Voorzitter. Helaas zijn er ook onderdelen van deze wet waar de fractie van de BBB wat minder positief over is.

De heer Dessing i (FVD):

Ik hoor de fractie van de BBB de loftrompet steken over de maatregelen die de minister tot nu toe heeft genomen. Ik hoor in die maatregelen toch wel, met alle respect, wat klein bier. Aan de andere kant zijn er ook heel veel akkerbouwers en boeren die erg ontevreden zijn over het tempo waarin dit gaat en over de tegenwerking die met name vanuit de EU komt. Zij zijn met name ook ontevreden over het beleid van deze minister tot dusver, omdat er veel meer mogelijk zou kunnen zijn. Hoe kijkt de fractie van BBB aan tegen dit feit? Ik neem aan dat de fractie van BBB ook meer had verwacht van haar minister.

De heer Jaspers (BBB):

Ik heb zojuist de stappen aangegeven die de minister heeft gezet. Dat zijn duidelijk andere stappen dan de stappen die de afgelopen periode zijn gezet. Dat is een begin. De minister heeft al vaker in de Tweede Kamer aangegeven dat ze meer tijd nodig heeft om de nieuwe stappen te zetten en om in Brussel de juiste gesprekken te voeren. Ik wil de minister dus de tijd geven om die stappen te kunnen zetten.

De voorzitter:

Vervolgt u uw betoog.

De heer Jaspers (BBB):

Voorzitter. Helaas zijn er ook onderdelen van deze wet waar de fractie van de BBB wat minder positief over is, zoals het afromen van rechten voor de melkveehouderij met 30%, de varkenshouderij met 25% en de pluimveehouderij met 15% bij verkoop van rechten. Is de minister net als wij van mening dat er door de diverse opkoopregelingen voldoende ruimte komt om de derogatie weer mogelijk te maken? Derogatie is een officieel woord om met toestemming van de EU af te wijken van een algemeen vastgestelde norm. Deze norm is vastgesteld op 170 kilogram stikstof uit dierlijke mest per hectare grond. Als stok achter de deur is er echter wel voor gekozen om bij verkoop van rechten toch af te romen. Door de vrijwillige opkoop van rechten komt er waarschijnlijk voldoende ruimte om te voldoen aan het nationale mestplafond van 440 miljoen kilo stikstof en 135 miljoen kilo fosfaat. Door de vrijwillige opkoop heeft de minister in de Tweede Kamer al toegezegd om zo spoedig mogelijk de afroming in te trekken. Daar houden wij deze minister dan ook aan. Kunt u die toezegging ook aan de Eerste Kamer doen?

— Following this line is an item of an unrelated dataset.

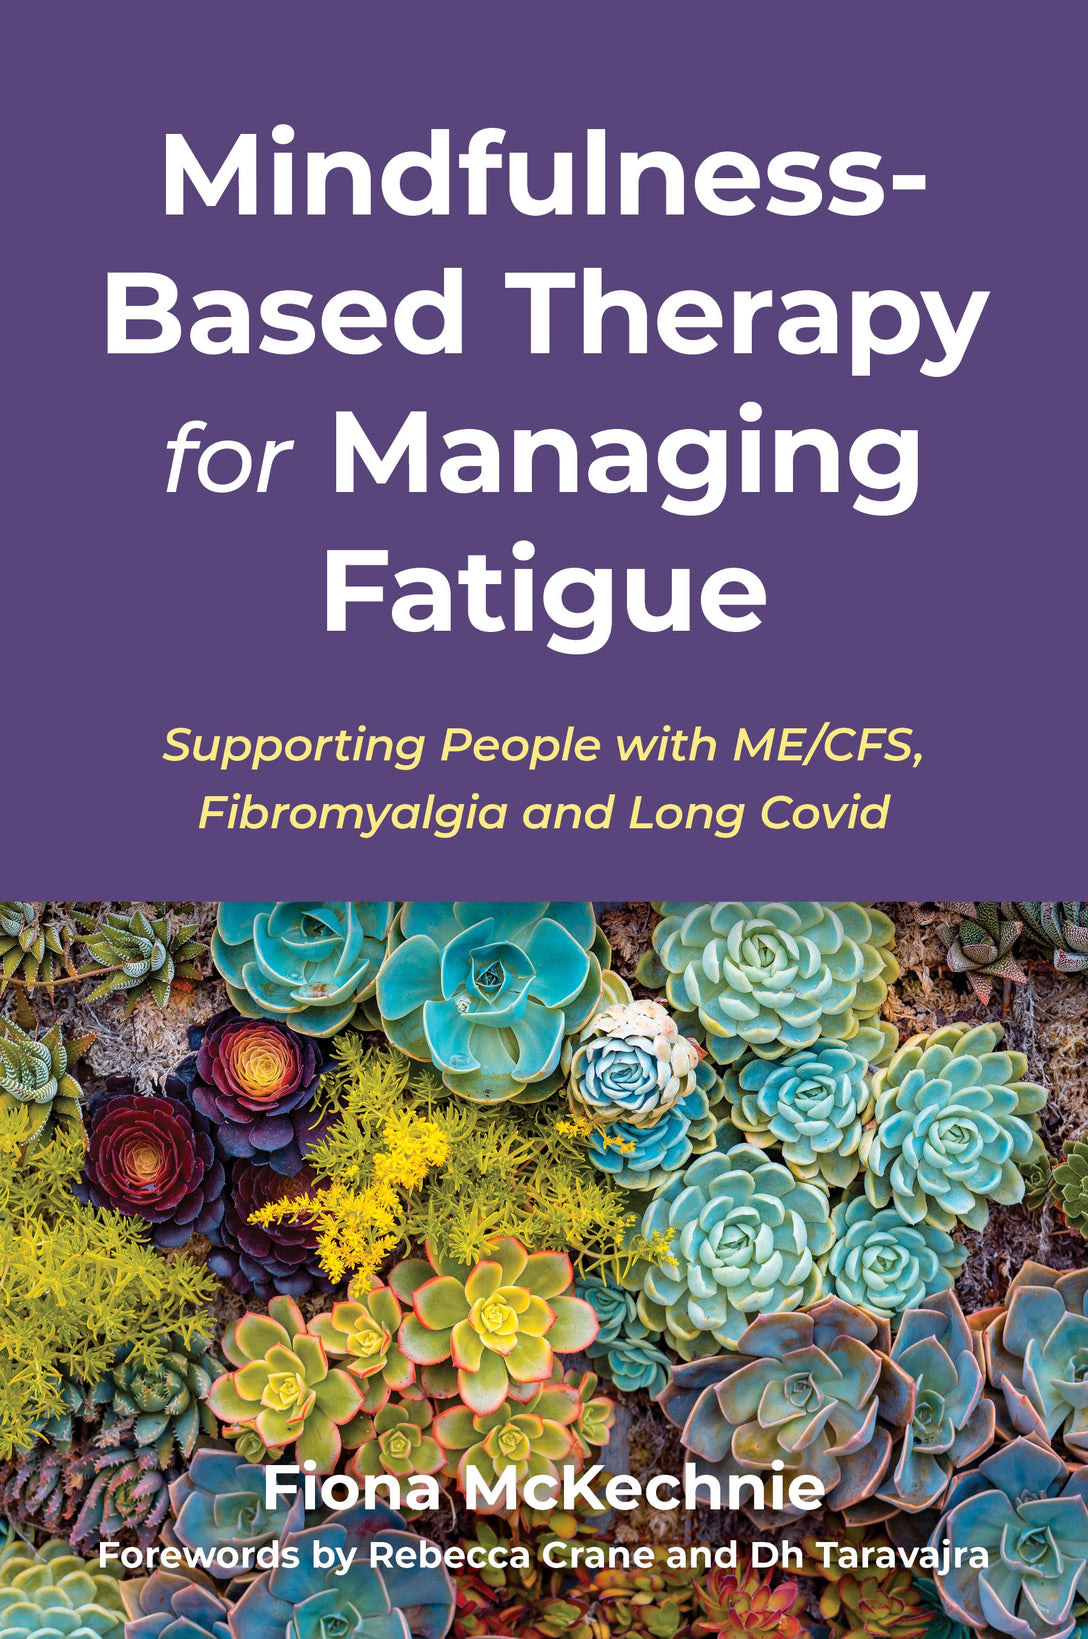 Mindfulness-Based Therapy for Managing Fatigue by Fiona McKechnie

Voorzitter. Wat kan de minister tegen de varkens- en de pluimveehouderij zeggen over het feit dat zij de mestverwerking al jaren op orde houden? Heeft de minister overleg met de varkens- en pluimveehouderij? Zo ja, met welke regelmaat?

Voorzitter. Het is gewenst dat ook provinciale overheden beleidsafspraken maken in lijn met het landelijk beleid. Geen kop op nationaal beleid zou ook de leidraad van de provincie moeten zijn. Kan de minister hierop reflecteren?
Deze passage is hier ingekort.